:: Task description ::
Please transcribe the listing below in full and word for word, without its pictures.

:: Data shown ::
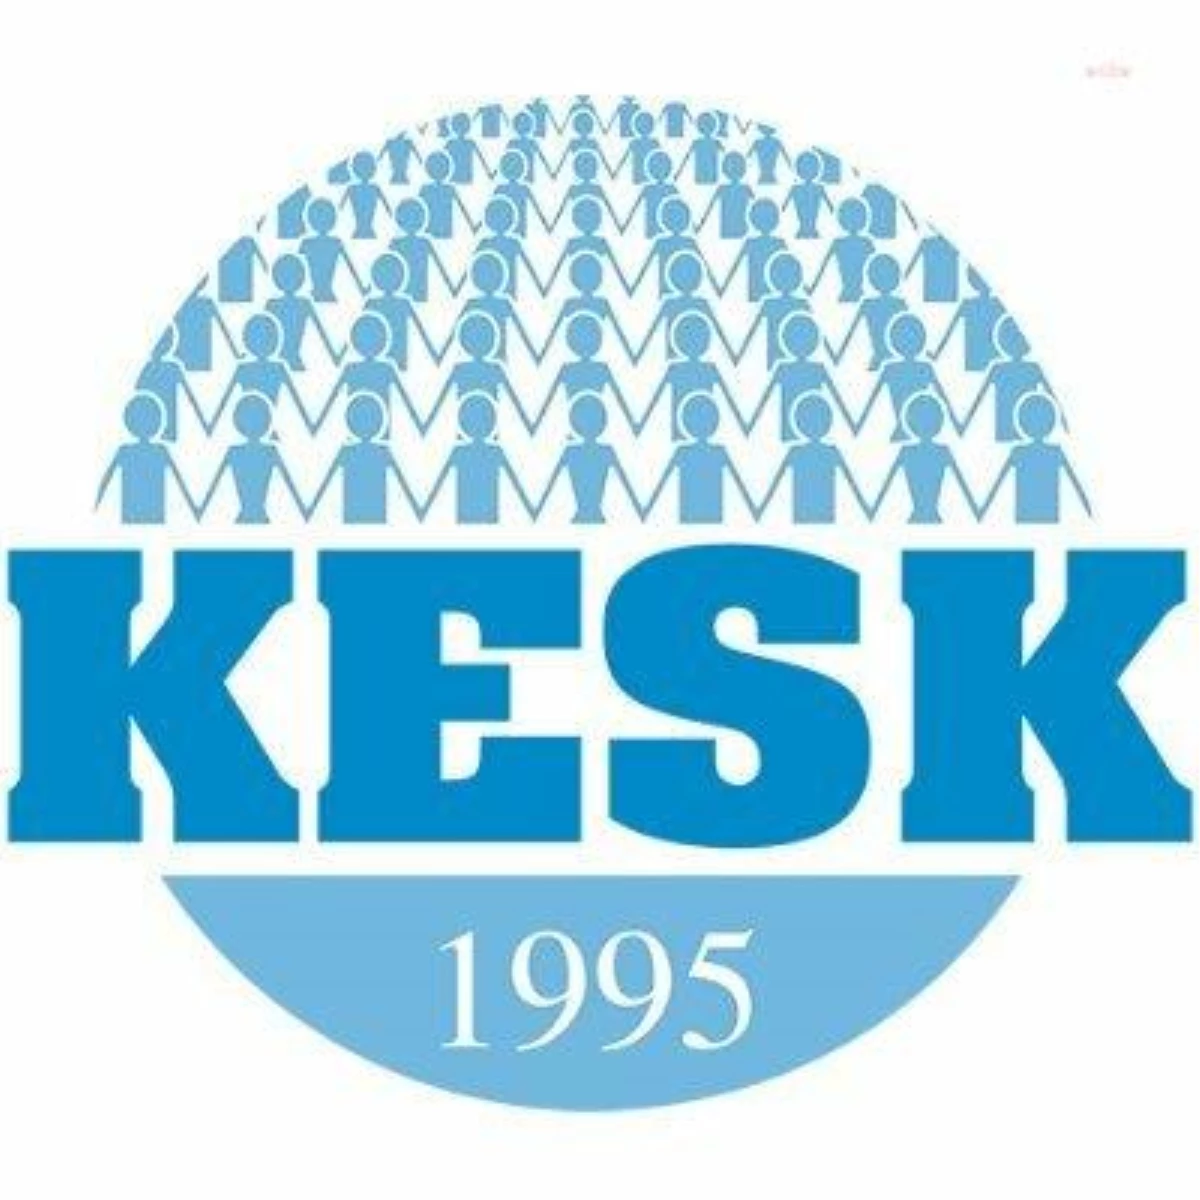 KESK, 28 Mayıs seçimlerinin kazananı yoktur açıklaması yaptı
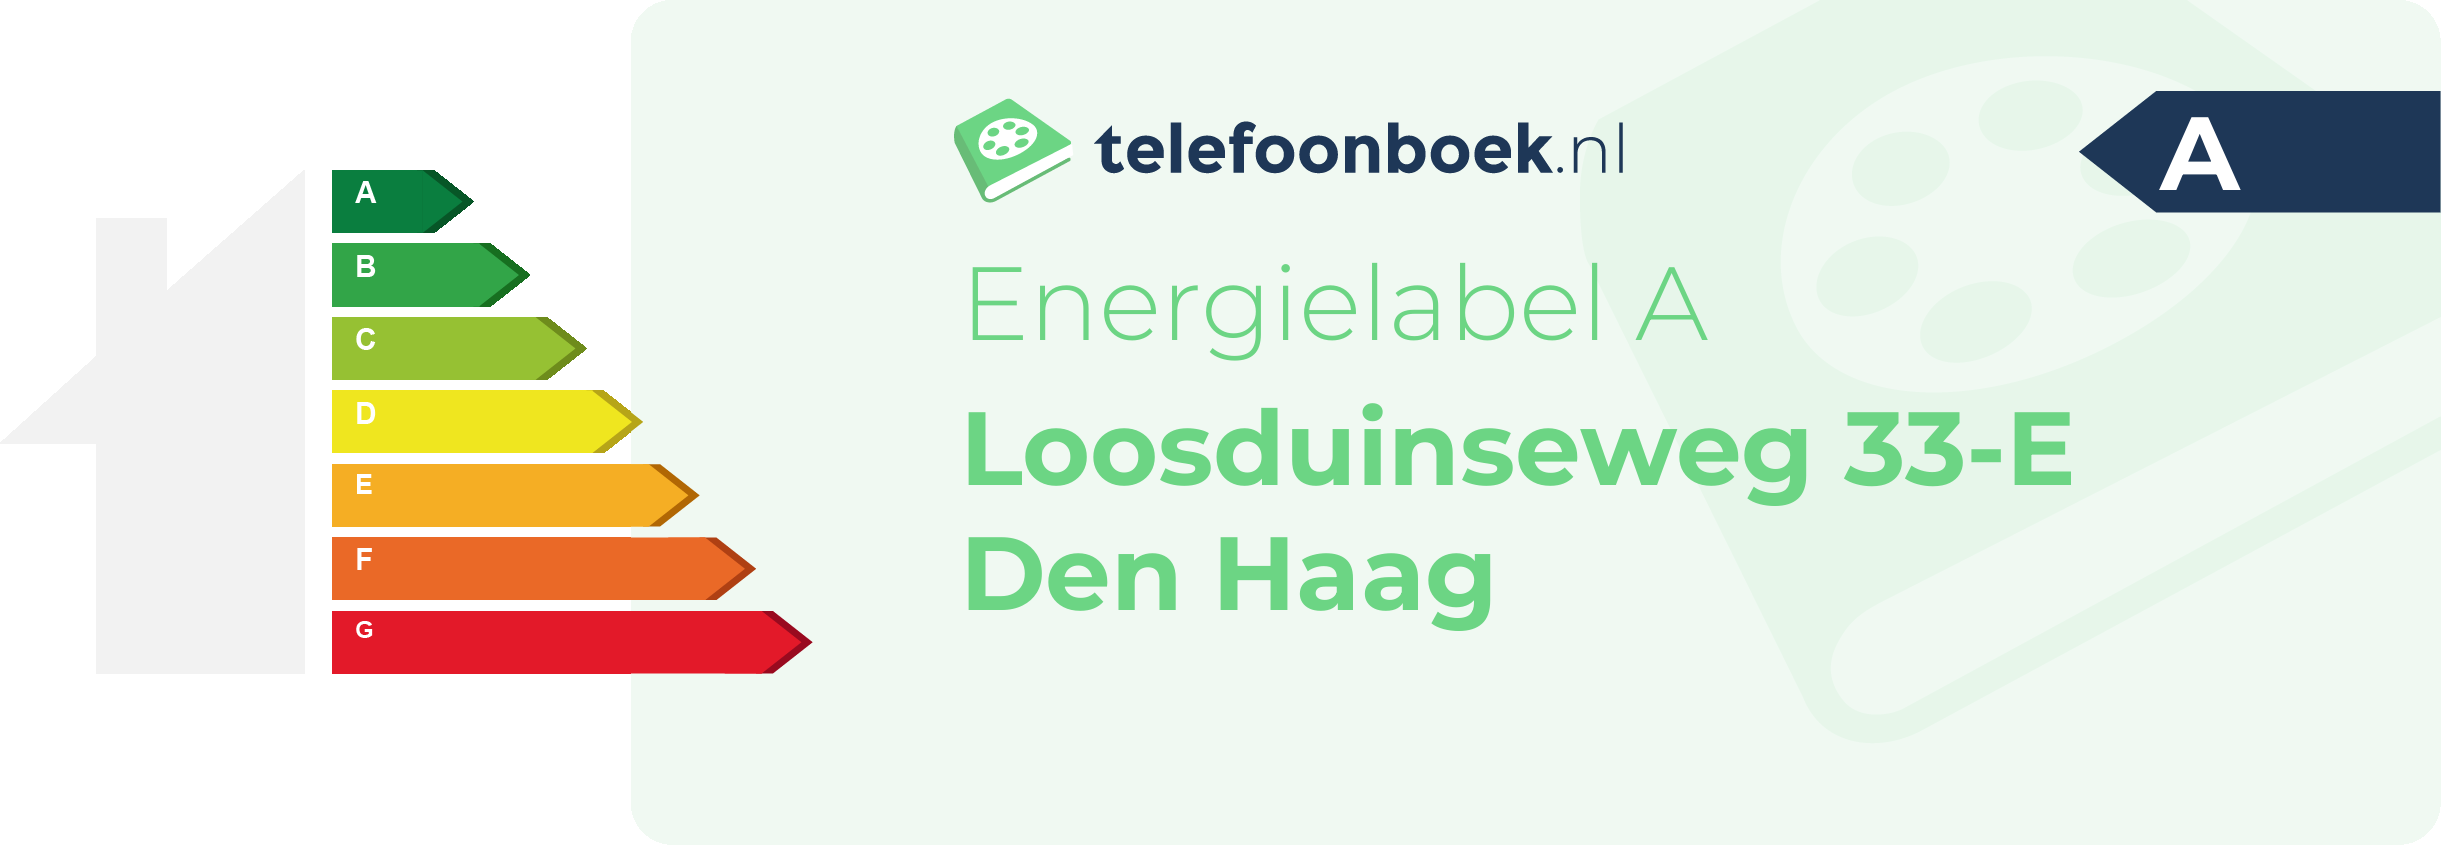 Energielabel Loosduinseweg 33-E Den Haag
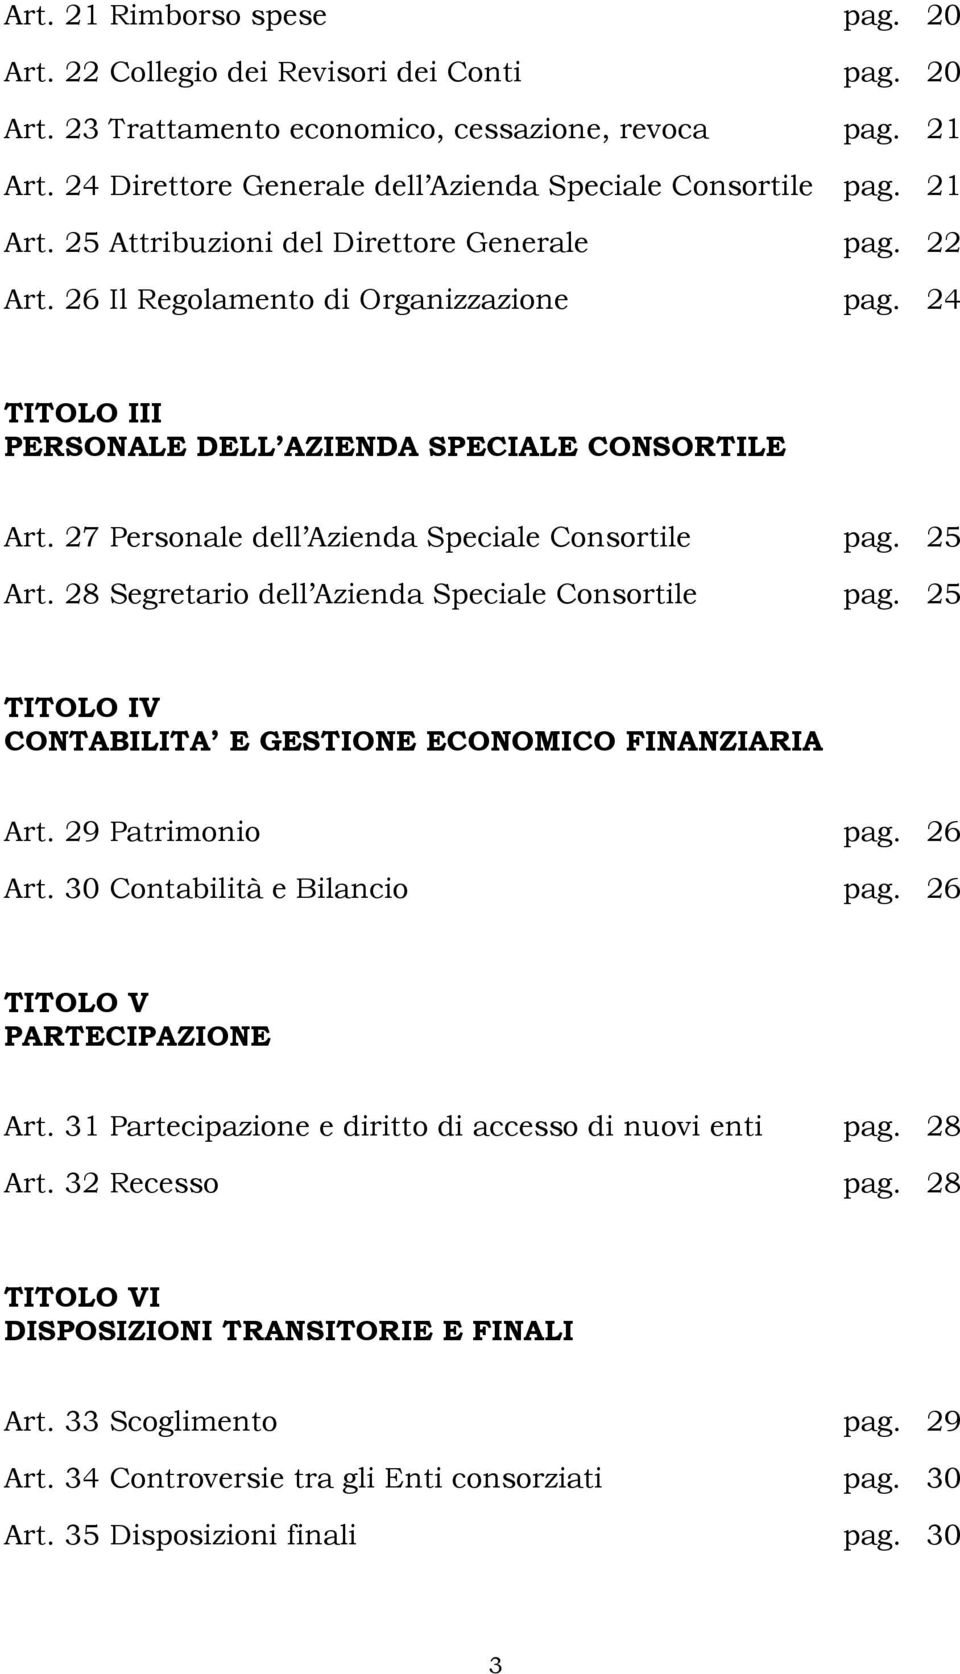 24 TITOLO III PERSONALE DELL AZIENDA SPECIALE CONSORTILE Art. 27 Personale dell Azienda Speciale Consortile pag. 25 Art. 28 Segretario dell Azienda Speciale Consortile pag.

:: Solution for this exercise ::
 KESK, 28 Mayıs seçimlerinin kazananı yoktur açıklaması yaptı
 Energielabel Loosduinseweg 33-E Den Haag
 24 TITOLO III PERSONALE DELL AZIENDA SPECIALE CONSORTILE Art. 27 Personale dell Azienda Speciale Consortile pag. 25 Art. 28 Segretario dell Azienda Speciale Consortile pag.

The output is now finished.